Print the listing below only from the line that has "Disney minnie mouse" through the line that has "FRIGAIR fl05.402/Filtre /à carburant", exactly, and drop any picture.

* [Source information]:
-- Opening Marker --

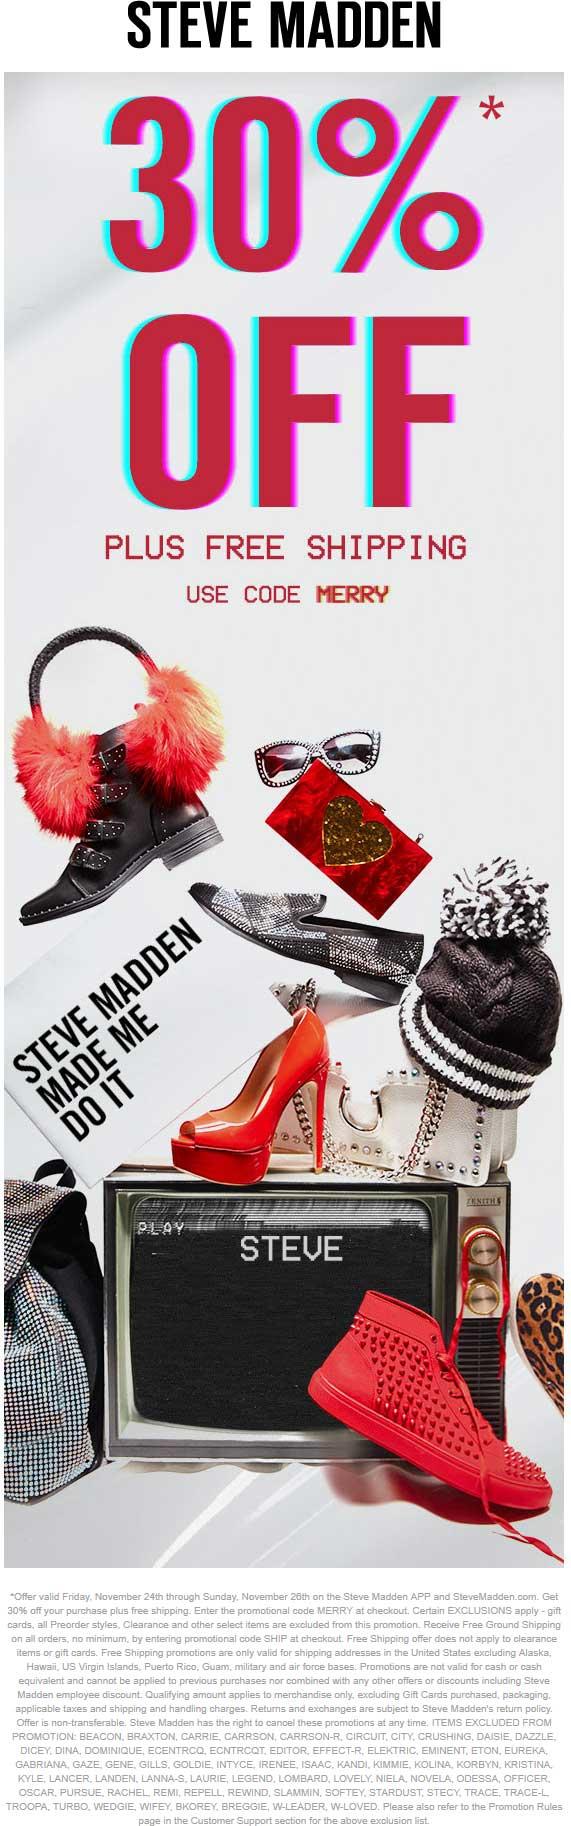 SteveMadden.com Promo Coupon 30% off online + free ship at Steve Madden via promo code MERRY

-- Closing Marker --
-- Opening Marker --

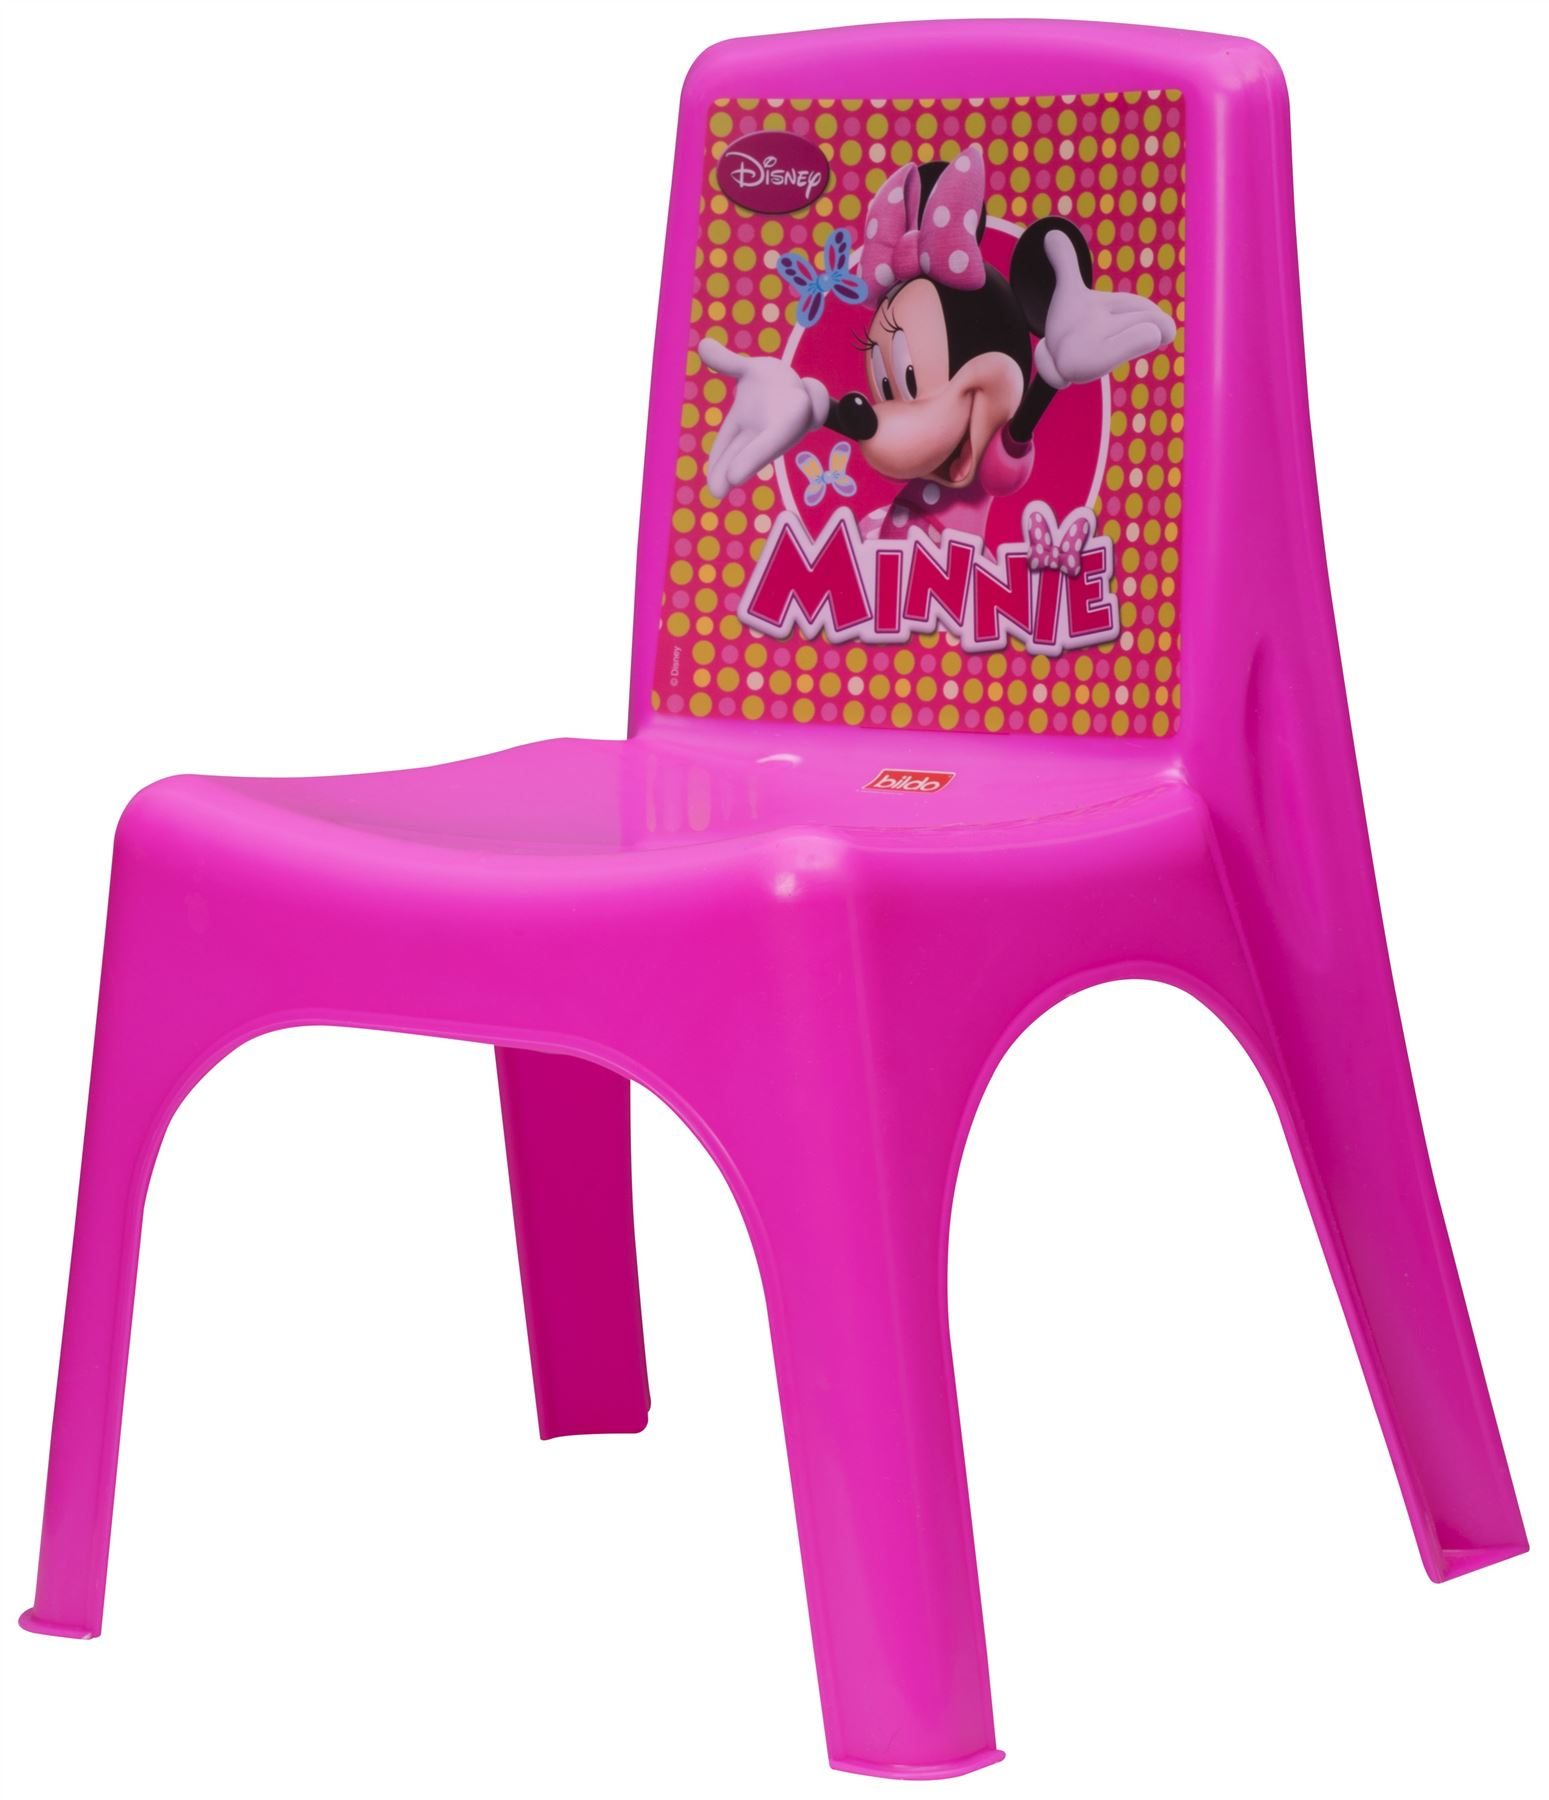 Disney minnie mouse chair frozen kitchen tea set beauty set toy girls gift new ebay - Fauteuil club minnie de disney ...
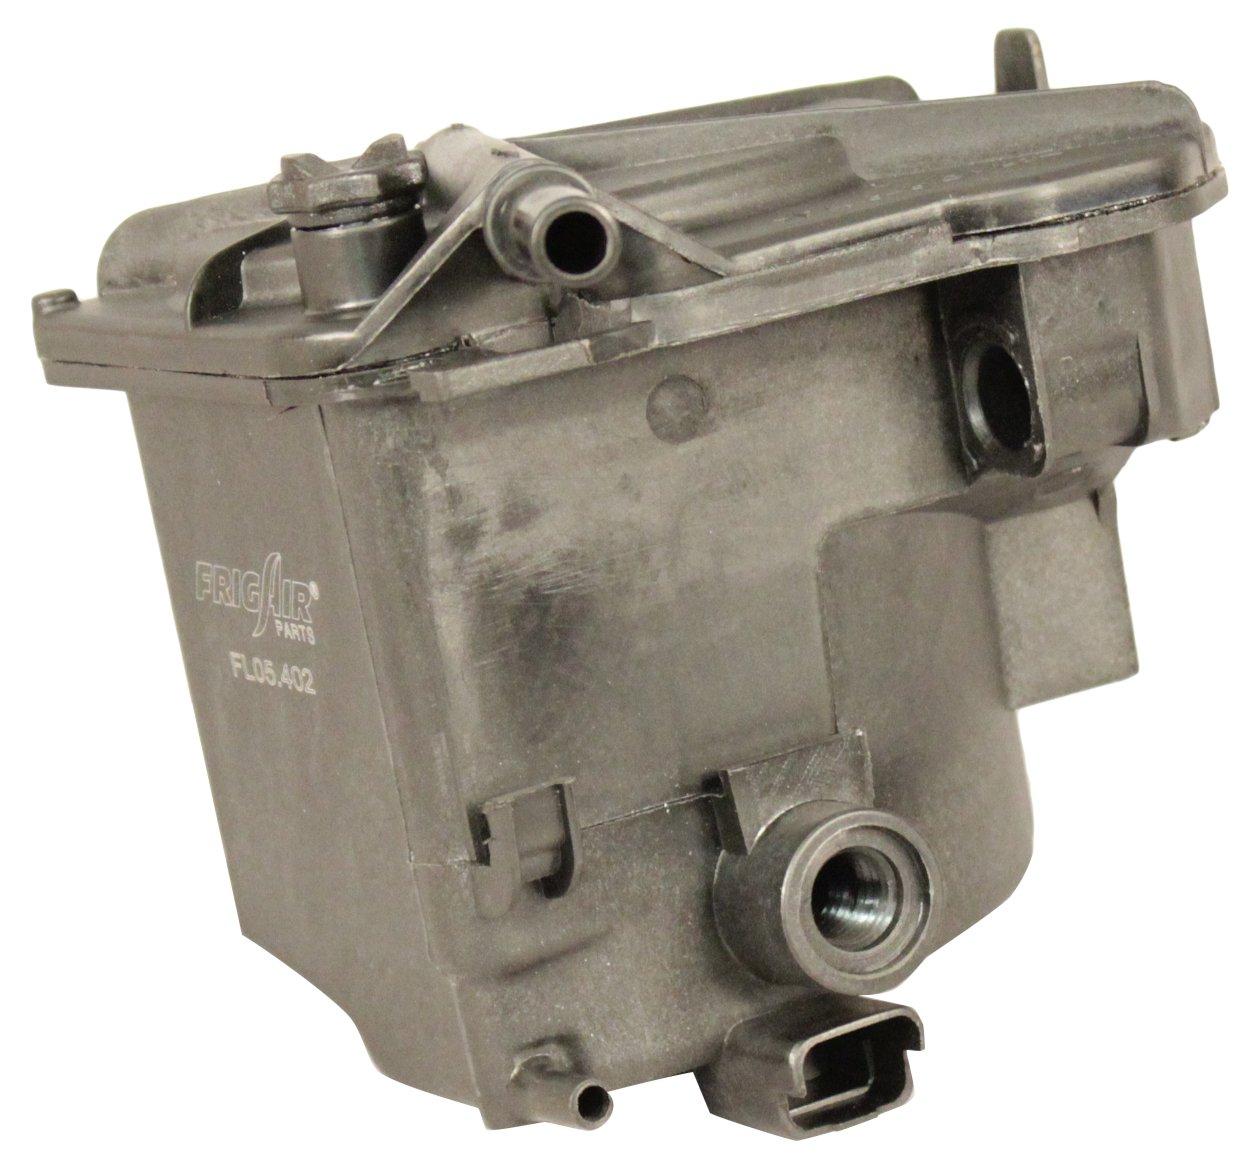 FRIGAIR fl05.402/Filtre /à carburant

-- Closing Marker --

* [Exercise solution]:
 Disney minnie mouse chair frozen kitchen tea set beauty set toy girls gift new ebay - Fauteuil club minnie de disney ...
 FRIGAIR fl05.402/Filtre /à carburant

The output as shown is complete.